▶ _Assignment_: Below are some entries. Transcribe the lines from the one holding "EPSON 60 (T060320) Ink Cartridges Magenta" to the one holding "Pfaltzgraff Pink/Green Ceramic", inclusive, but not the pictures among them.

▶ _Task material_:
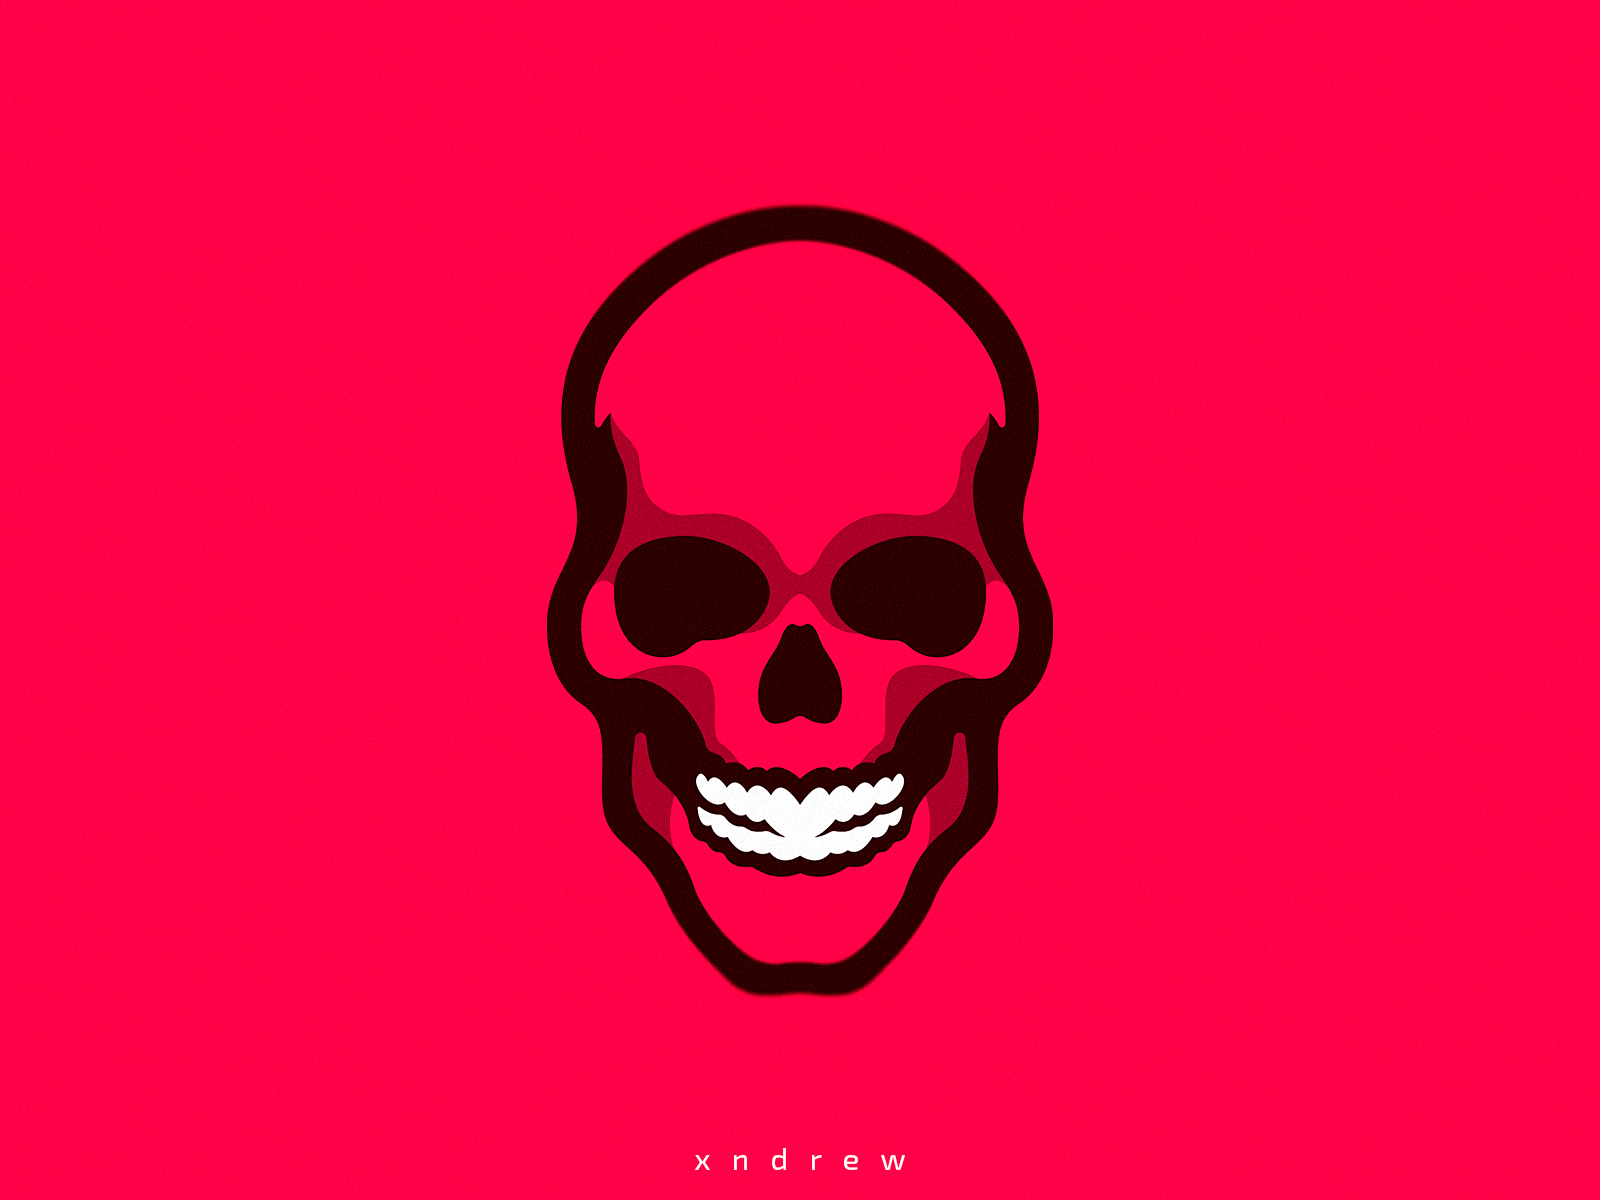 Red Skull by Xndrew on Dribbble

==

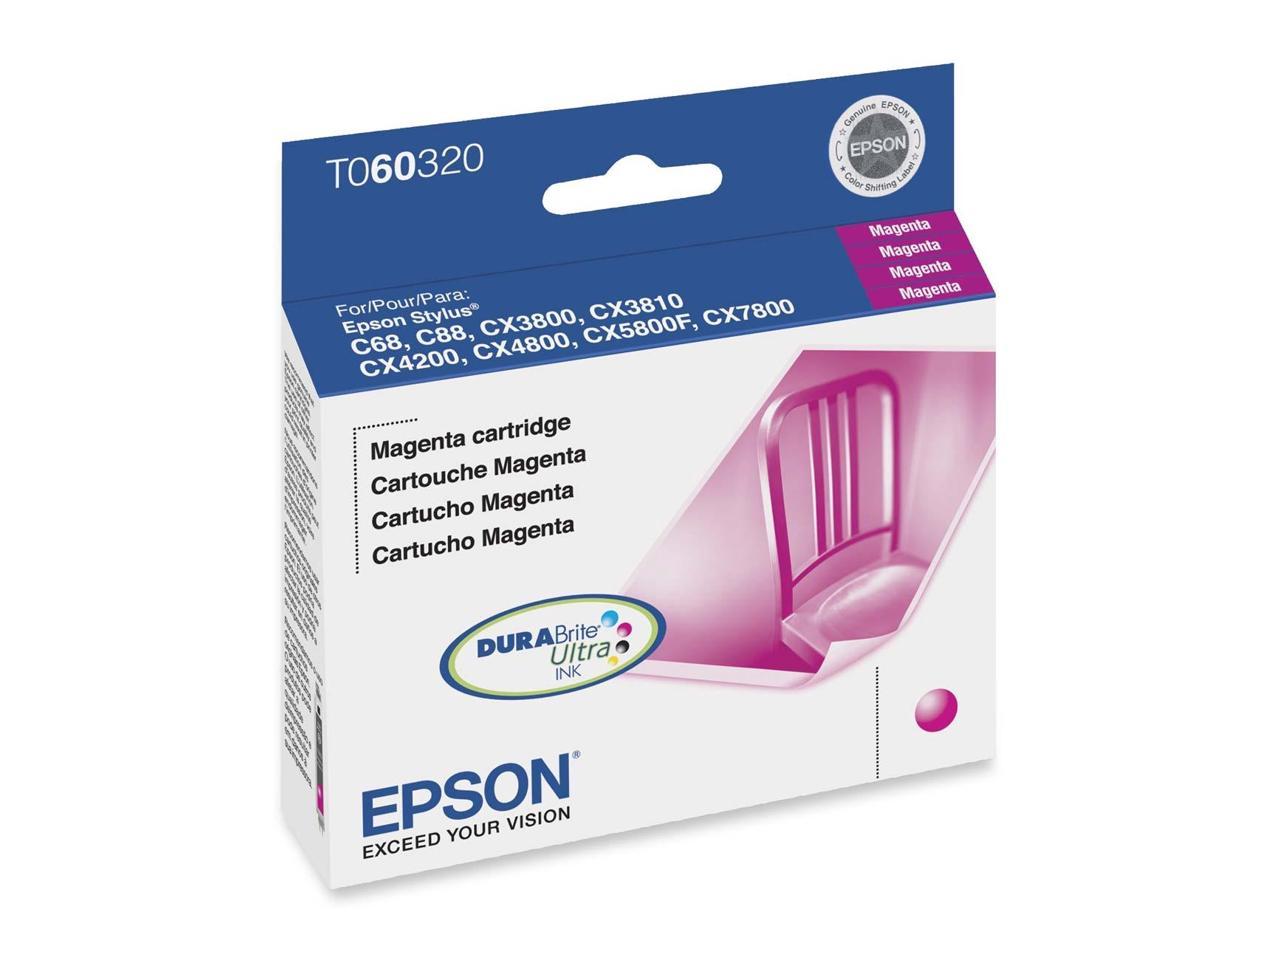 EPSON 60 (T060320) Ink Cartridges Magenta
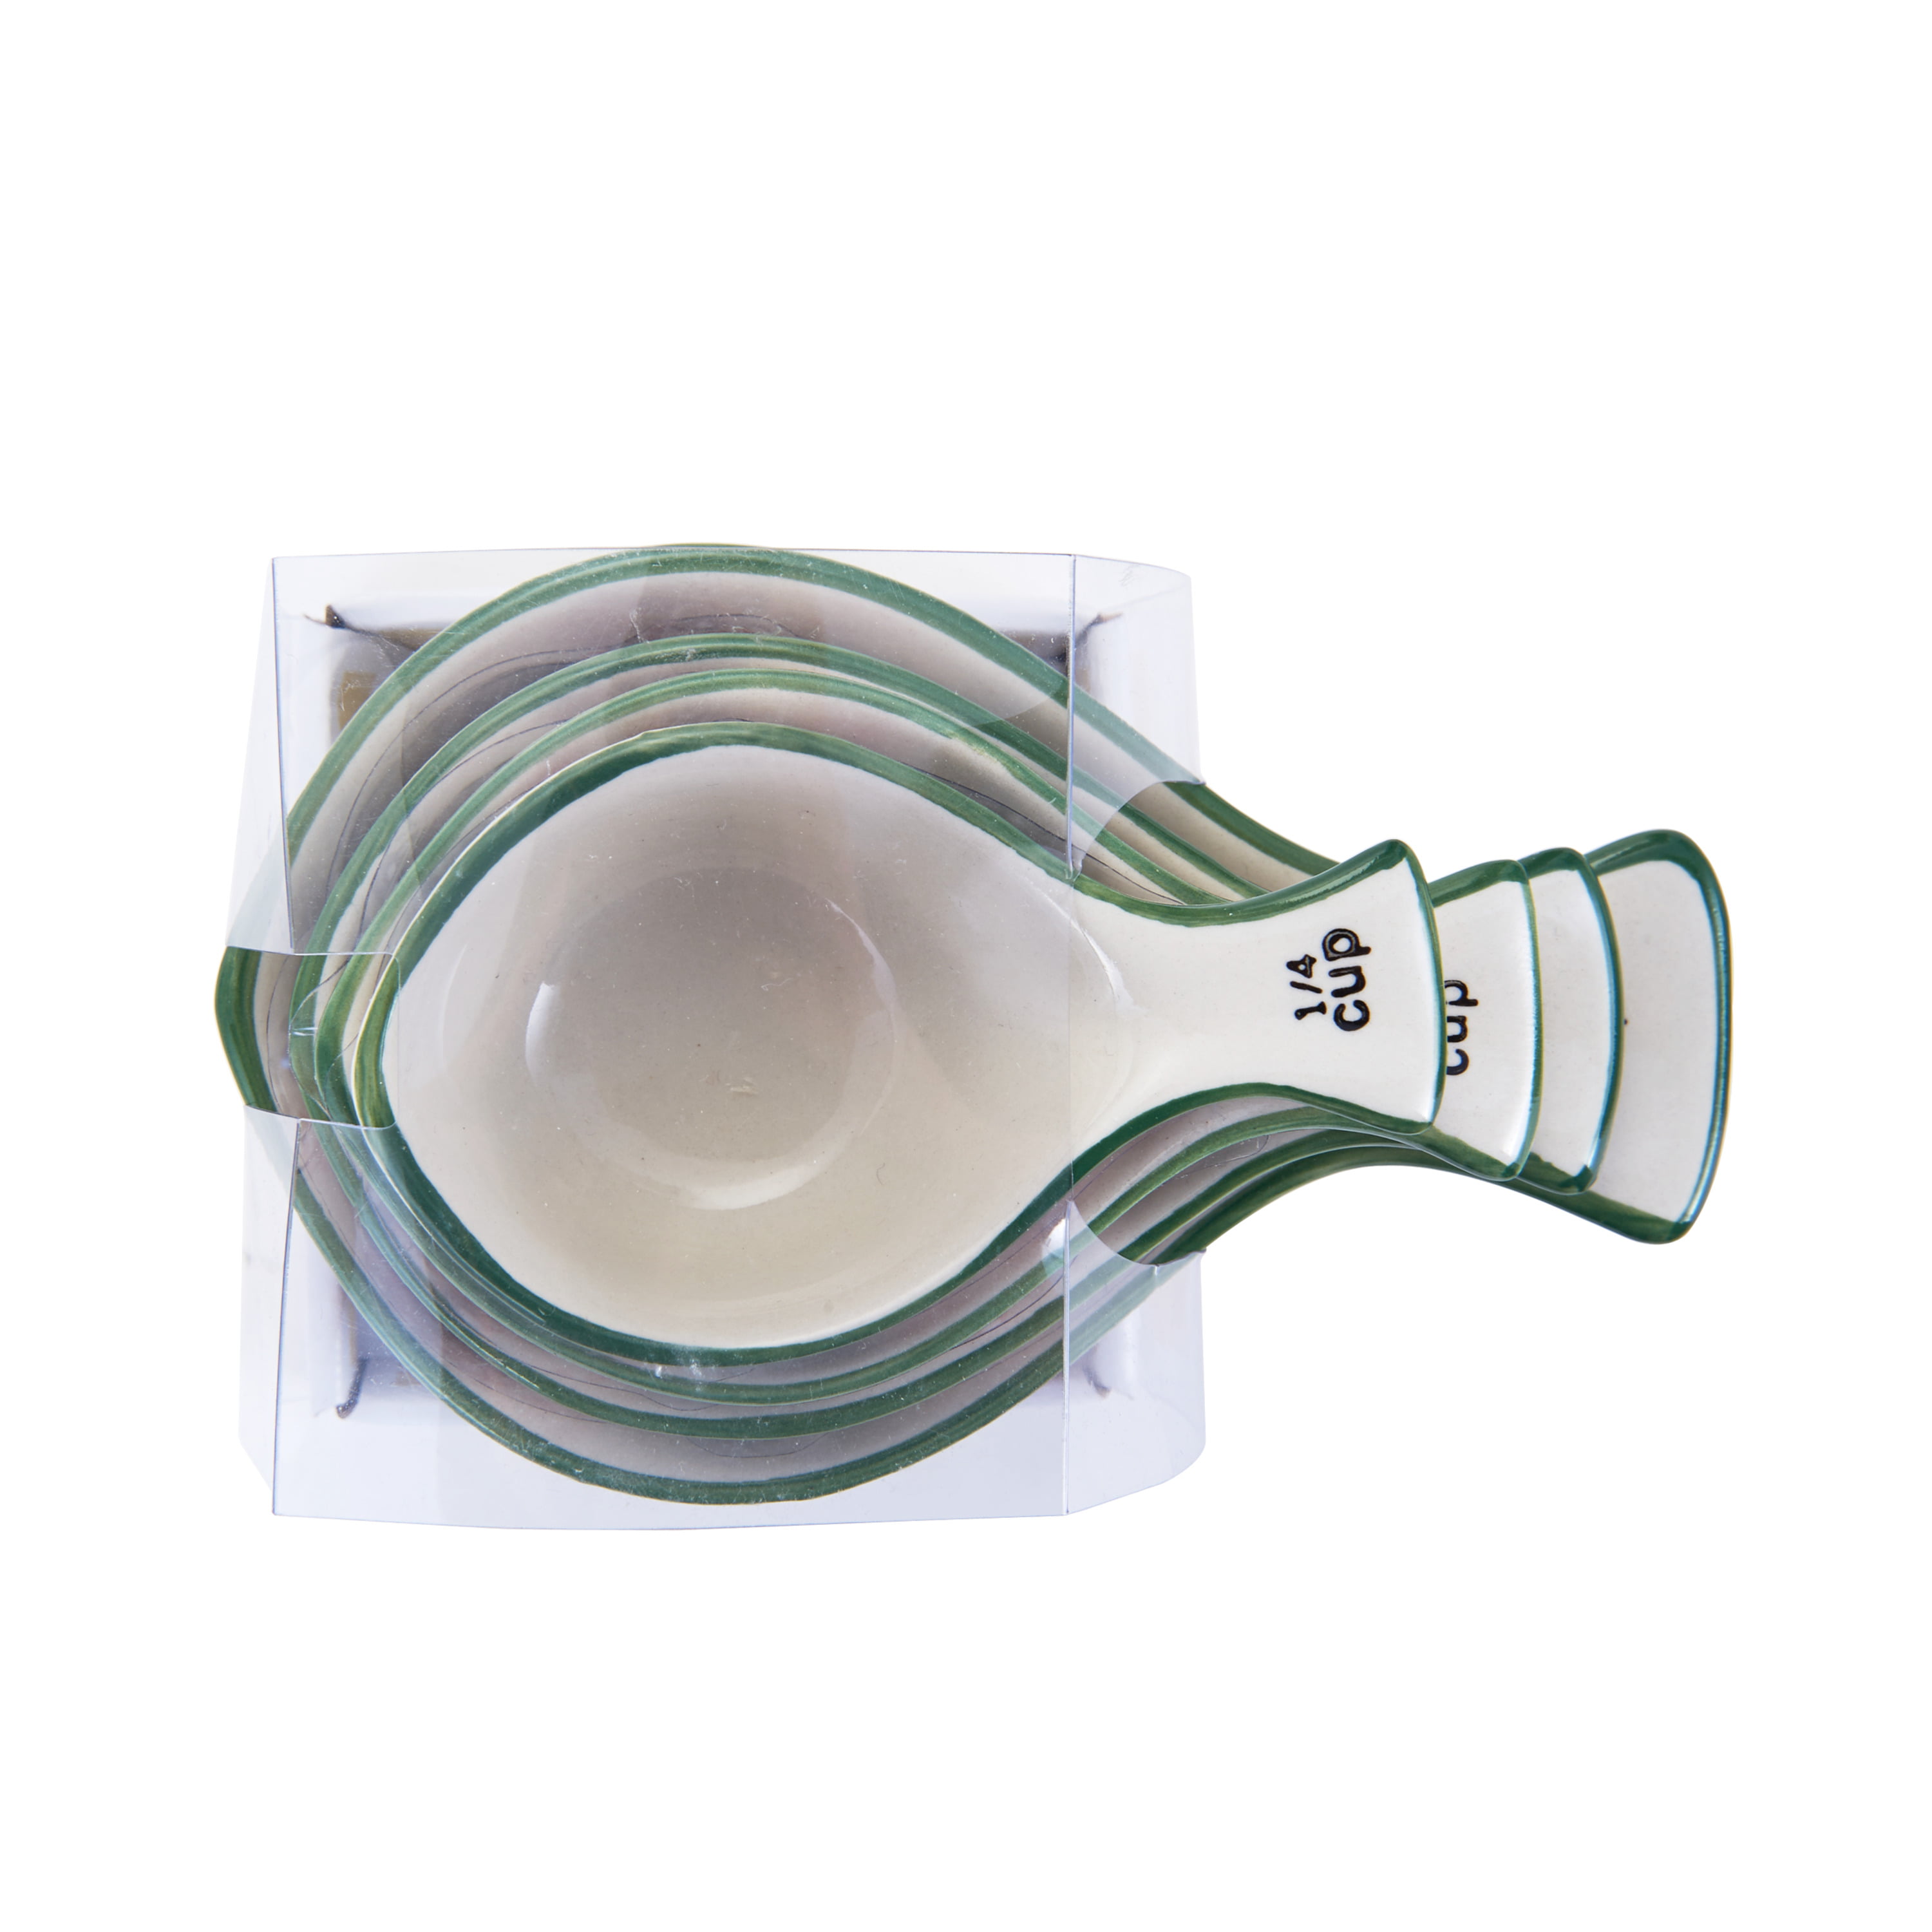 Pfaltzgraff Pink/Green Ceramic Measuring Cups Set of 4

...

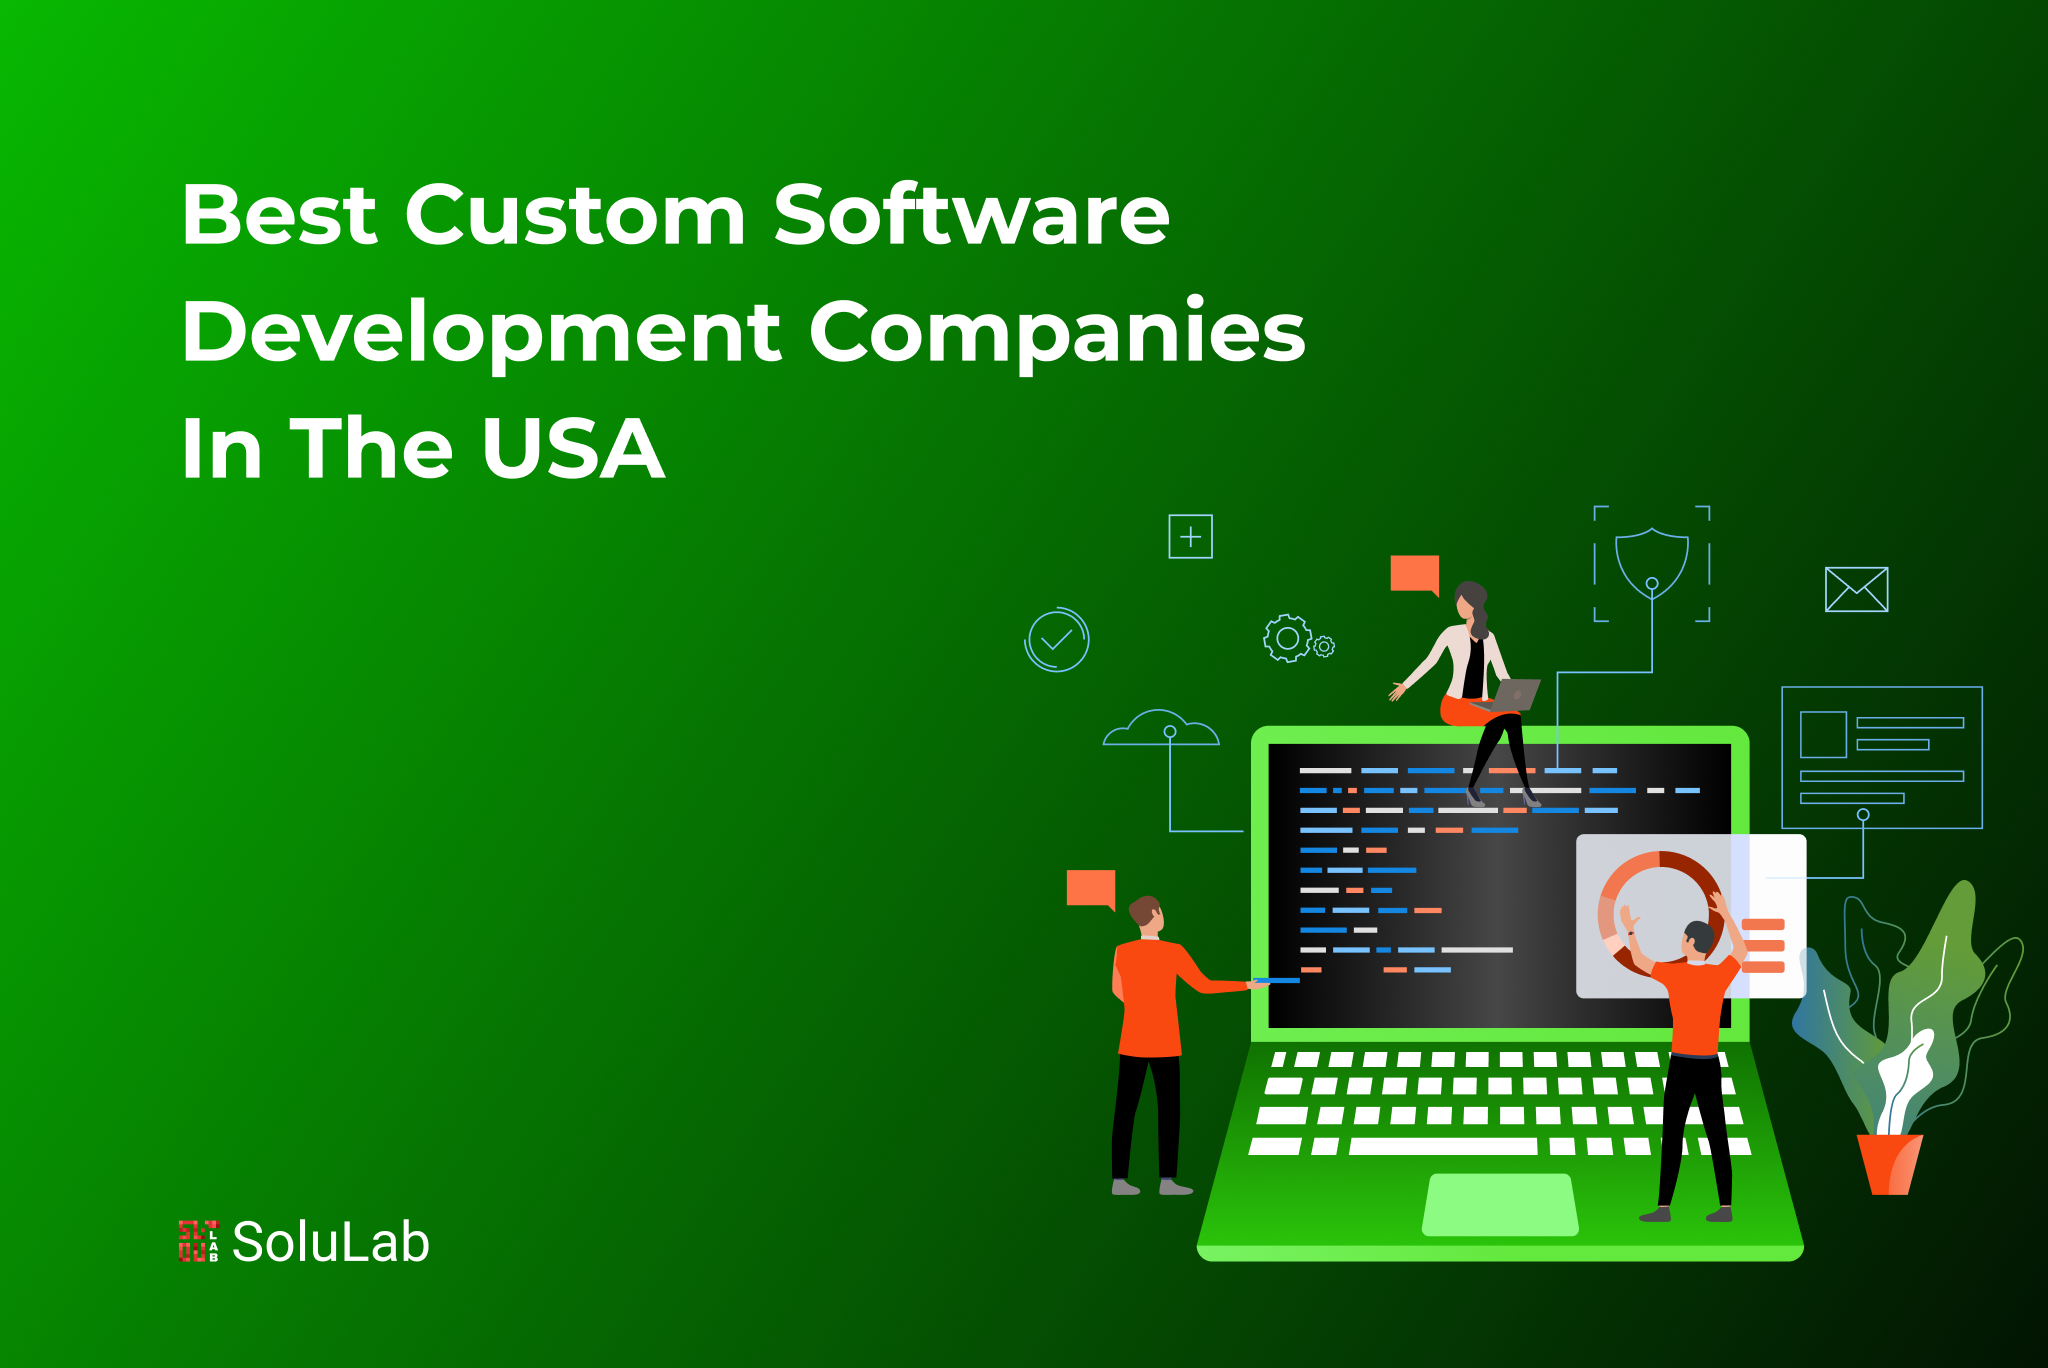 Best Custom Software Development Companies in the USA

▶ _Final answer_:
 EPSON 60 (T060320) Ink Cartridges Magenta
 Pfaltzgraff Pink/Green Ceramic Measuring Cups Set of 4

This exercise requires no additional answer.